--- What you need to do ---
Output all the data exactly. Pictures do not belong in the copy.
[Opening Data segment section]
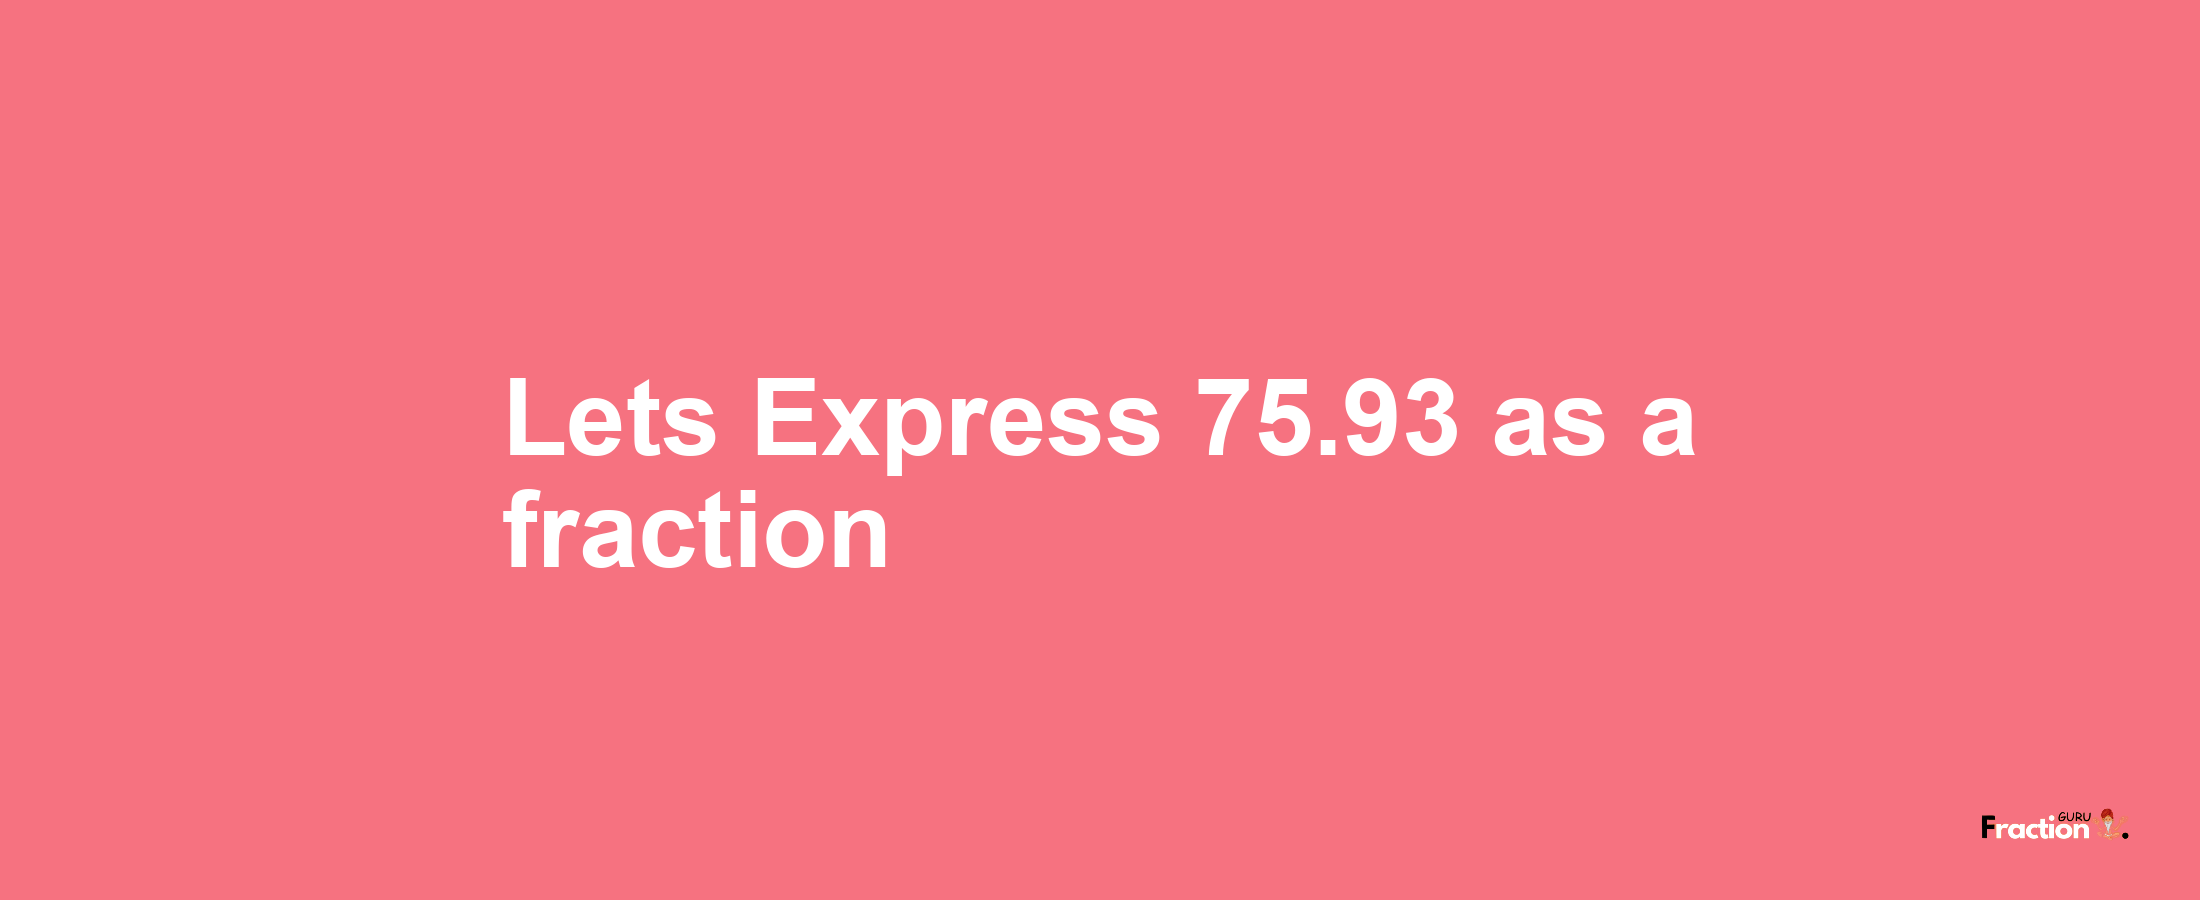 Lets Express 75.93 as afraction
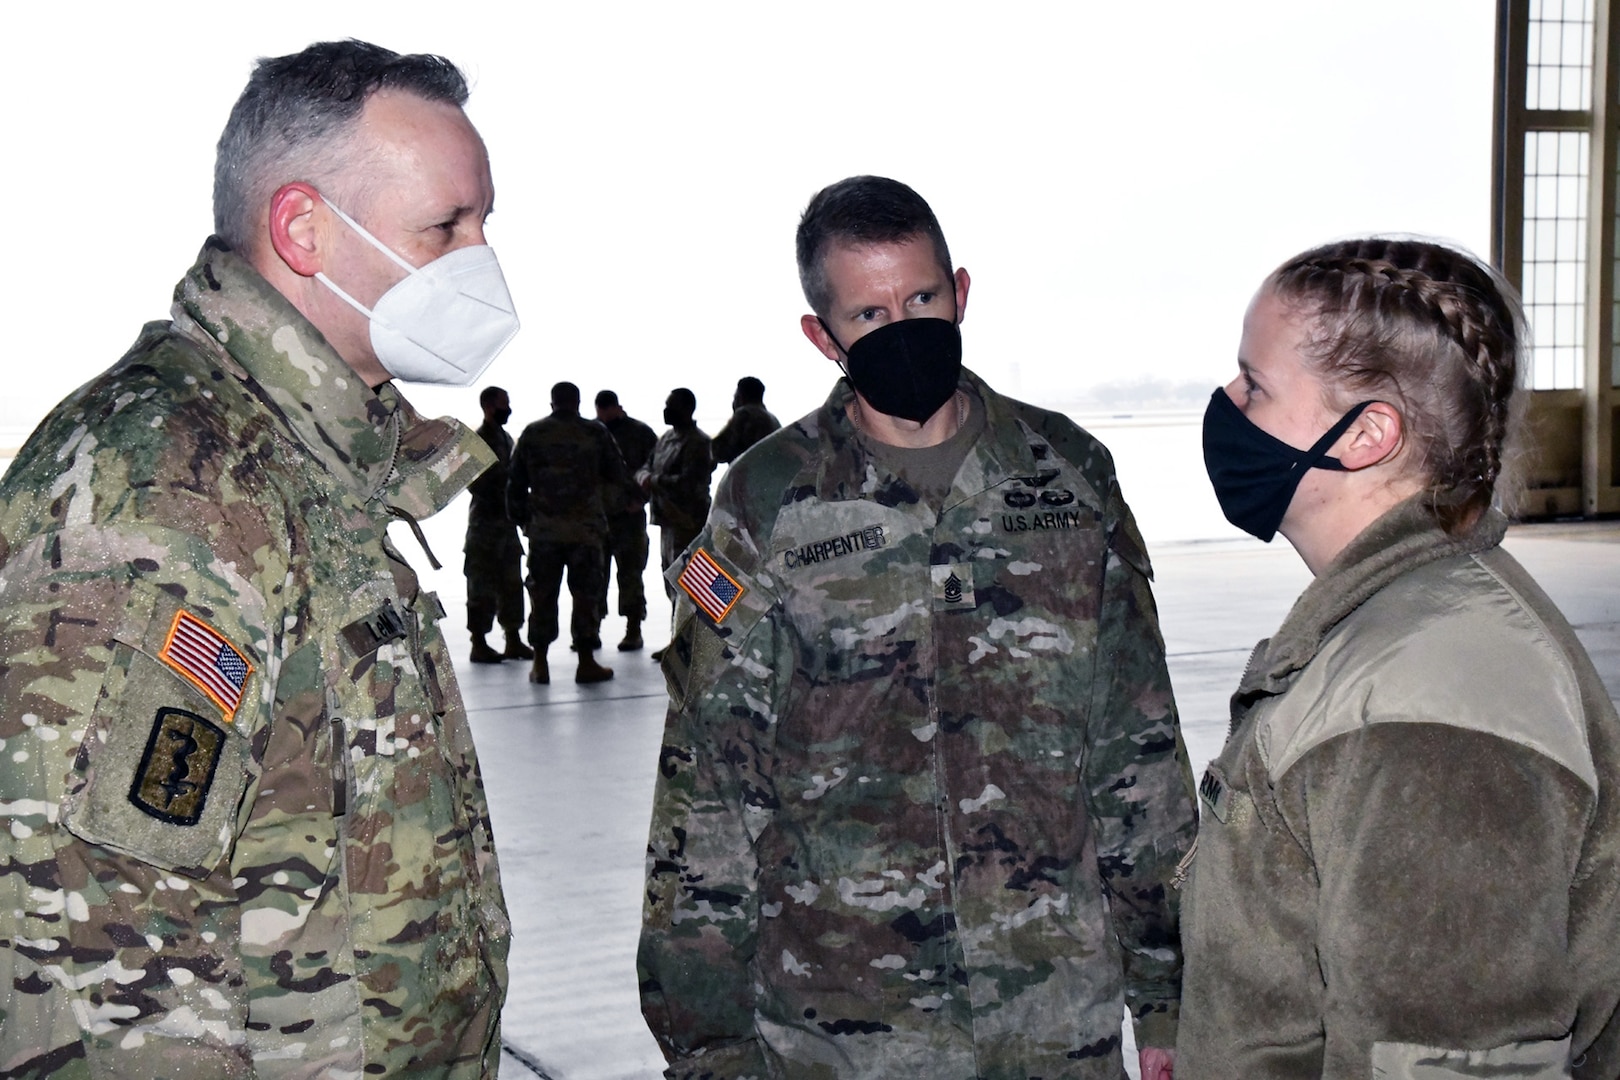 Spc. Angela Thresher (center), a 68W Combat Medic who was identified as the 10,000th Soldier to depart from the U.S. Army Medical Center of Excellence in a controlled manner as part of the COVID-19 pandemic, speaks with Maj. Gen. Dennis LeMaster, MEDCoE commanding general and MEDCoE Command Sgt. Maj. Clark Charpentier.
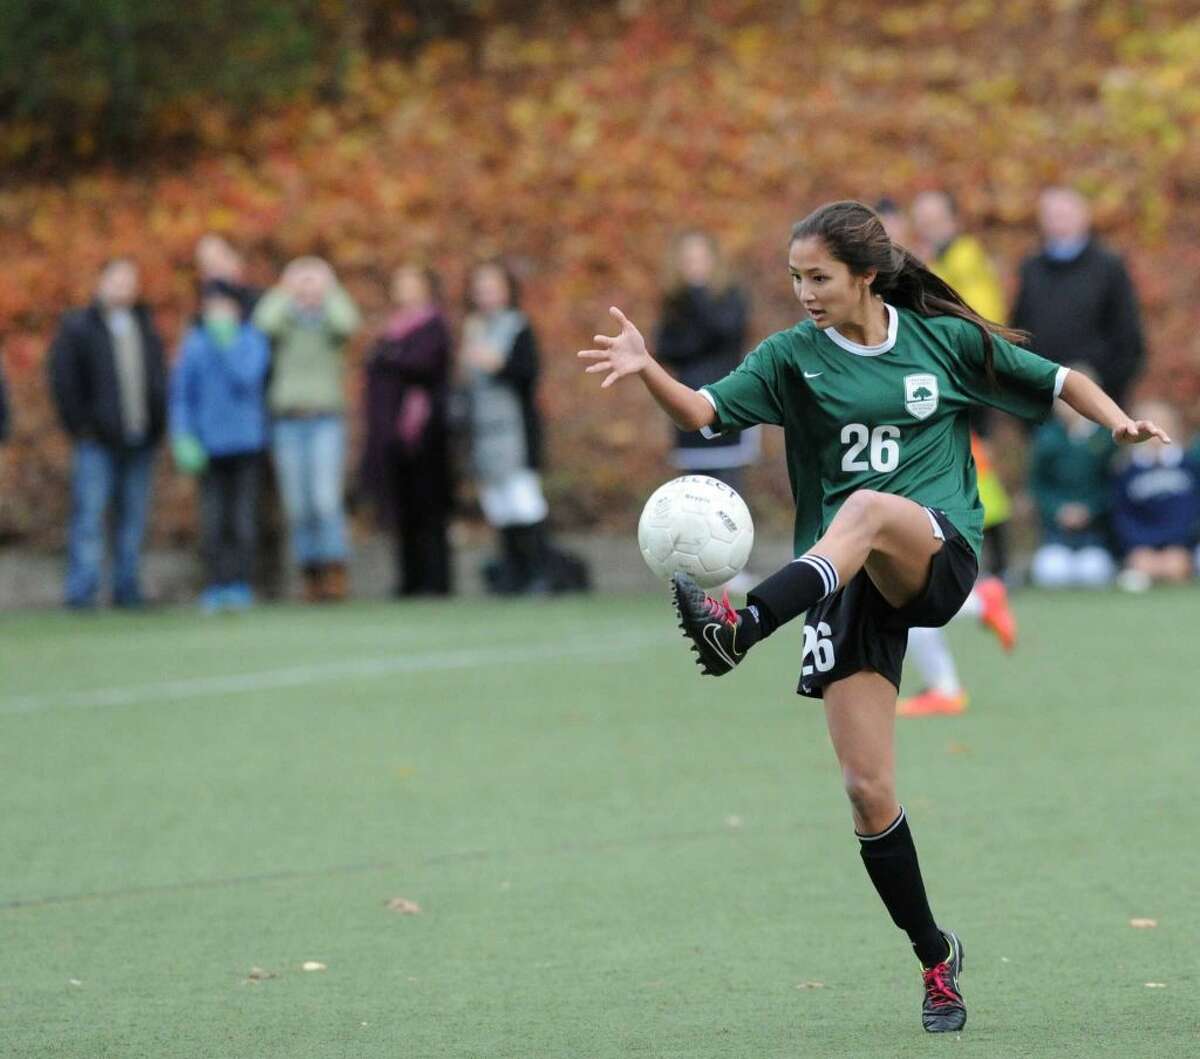 Senior forward Maggie Basta is one of the captains of the Greenwich Academy soccer team.
[Closing Data segment section]
--- Result ---
 Lets Express 75.93 as afraction
 Spc. Angela Thresher (center), a 68W Combat Medic who was identified as the 10,000th Soldier to depart from the U.S. Army Medical Center of Excellence in a controlled manner as part of the COVID-19 pandemic, speaks with Maj. Gen. Dennis LeMaster, MEDCoE commanding general and MEDCoE Command Sgt. Maj. Clark Charpentier.
 Senior forward Maggie Basta is one of the captains of the Greenwich Academy soccer team.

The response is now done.